BACKGROUND
What is already known on this topic: Adults aged 65 and older are less likely to identify health related falsehood on social media than their younger counterparts. While policies and interventions exist to reduce the presence and impact of falsehoods, few consider the perspectives of those aged 65 and older.
What this study adds: We found adults 65 and older were more likely than their younger counterparts to believe medical providers should be responsible for reducing falsehoods.

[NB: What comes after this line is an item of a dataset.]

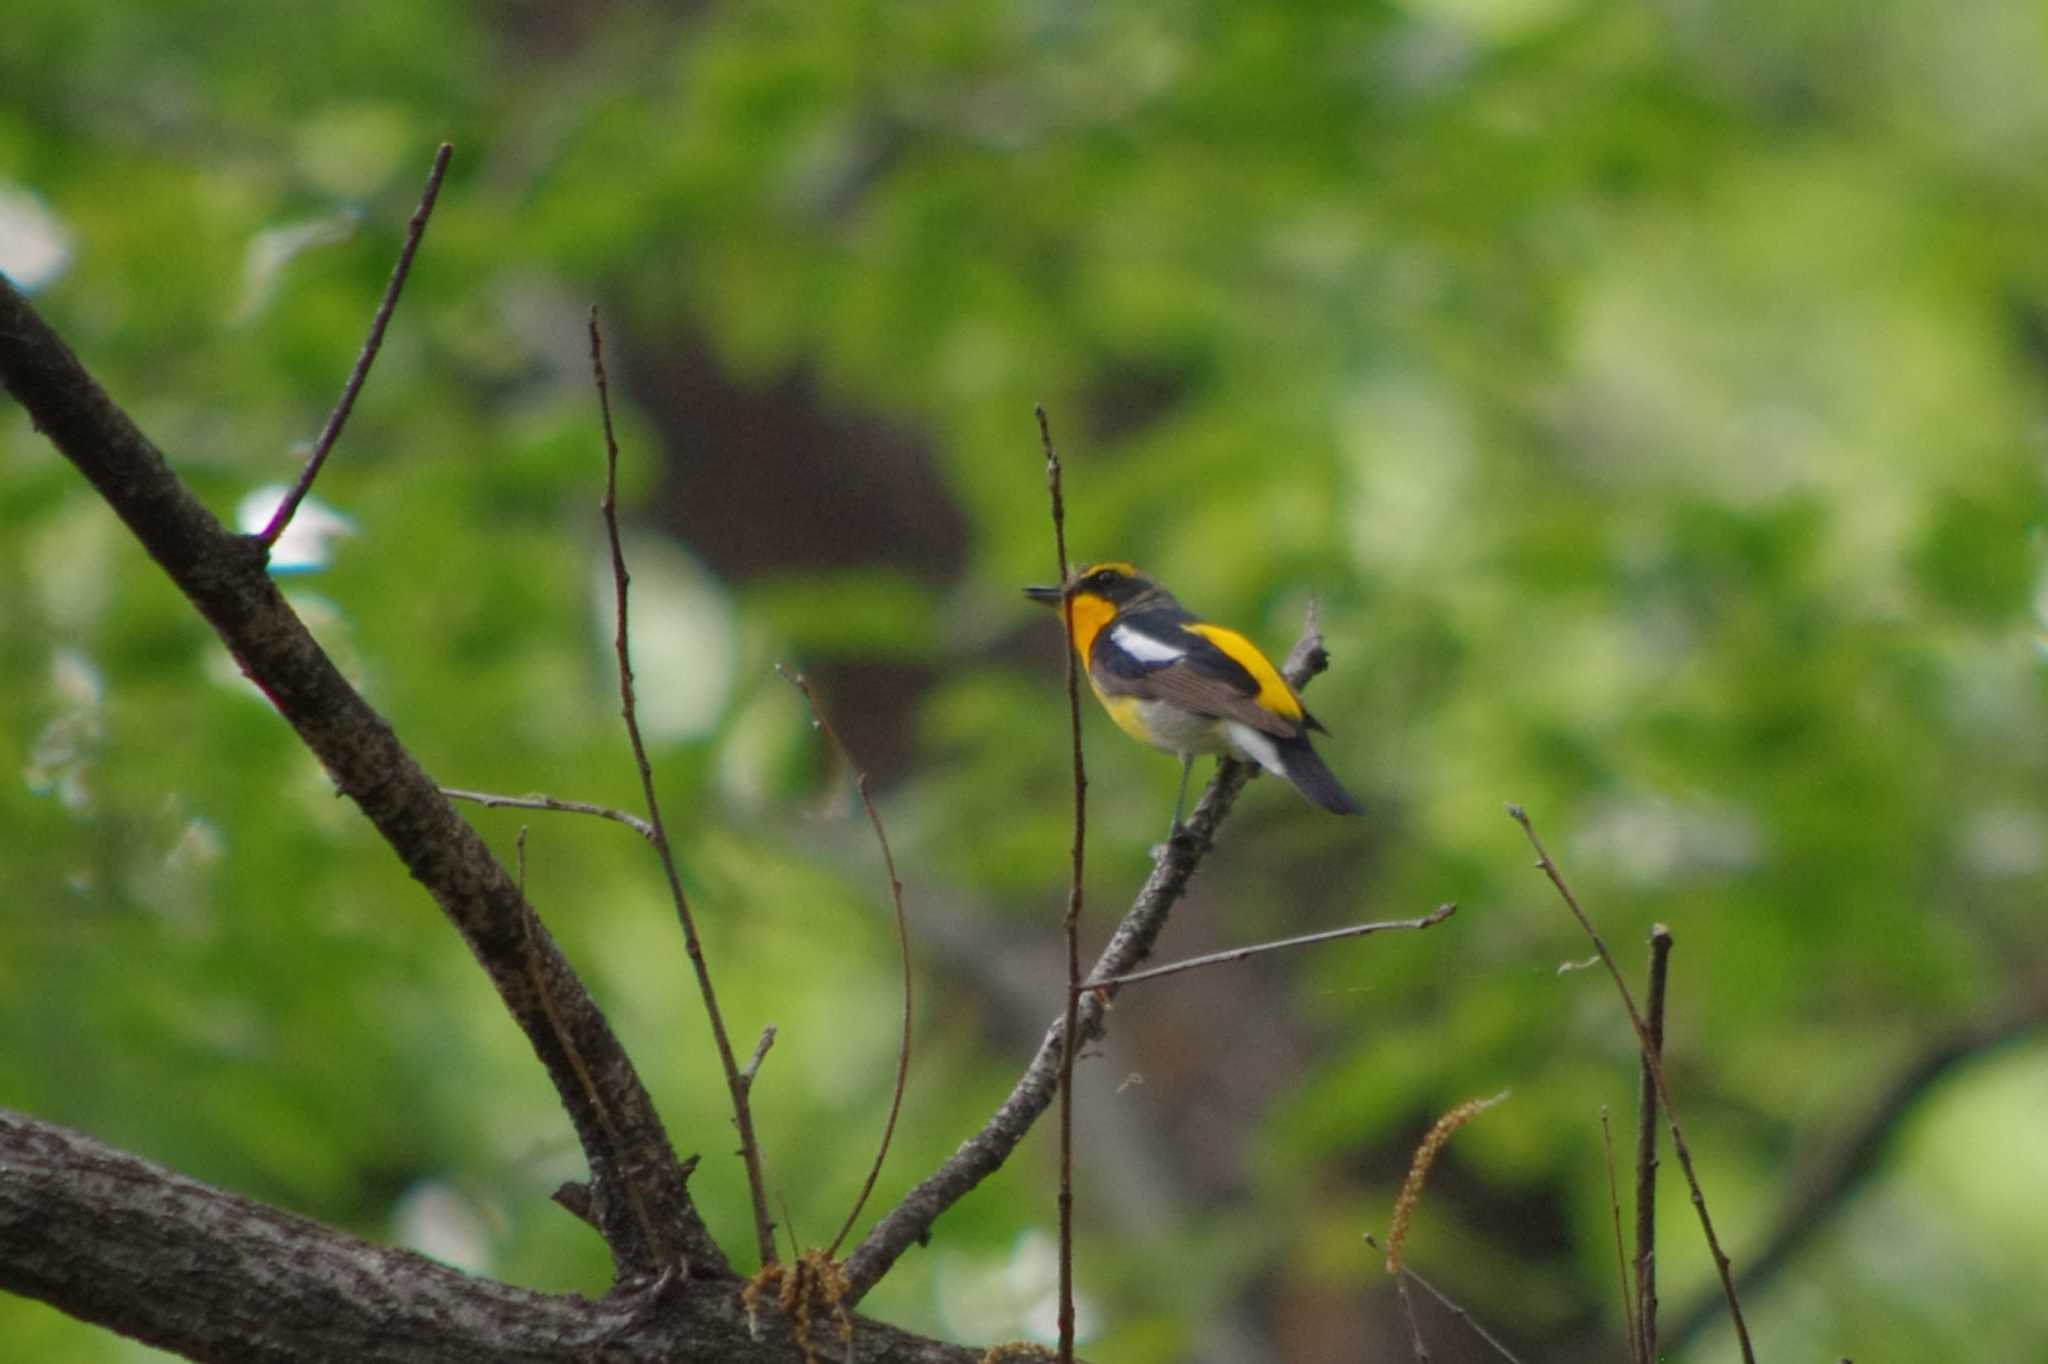 Photo of Narcissus Flycatcher at ぐんま昆虫の森(群馬県桐生市) by アカウント15604

How this study might affect research, practice or policy: Medical providers should consider discussing the health-related information that their patients who are 65 and older find on social media, but time during the clinic visit may be limited. Additional interventions should be designed and evaluated to aid in identifying and discrediting falsehoods, such as mobile apps.
OBJECTIVE
Despite growing concern over older adult’s exposure to false health information on social media, little research examines their beliefs over how to address the problem. The current study examines how the age of U.S. adults is associated with their reported experiences with health-related falsehoods on social media and their beliefs about who should be tasked with reducing such falsehoods.
METHODS
A secondary analysis of the 2022 HINTS data, a nationally representative survey of U.S. adults (18 and older). Multivariable logistic regressions estimated how respondents’ age is associated with their self-reported social media usage, difficulty to detect health-related falsehoods on social media, discussion of health information found on social media with medical providers, and their beliefs regarding who should reduce health-related falsehoods on social media. Regression estimates were adjusted for respondents’ sociodemographic and health characteristics.
RESULTS
Daily social media use decreased with respondents’ age. Respondents aged 50-64 and 65-74 were more likely than respondents aged 18-34, 35-49, and 75+ to self-report they “strongly agree” it is difficult for them to detect health-related falsehoods on social media. Compared to younger adults, older adults (65 and older) were more likely to believe medical providers should be responsible for reducing online falsehoods.
CONCLUSIONS
In addition to ongoing efforts by social media platforms to detect and remove falsehoods, the findings suggest medical providers should be tasked with discrediting health-related falsehoods on social media for older adults. However, time during the clinical visit is limited. Future research is needed to discover new approaches and tools tailored to older adults to assist with filtering and discrediting health-related falsehoods on social media.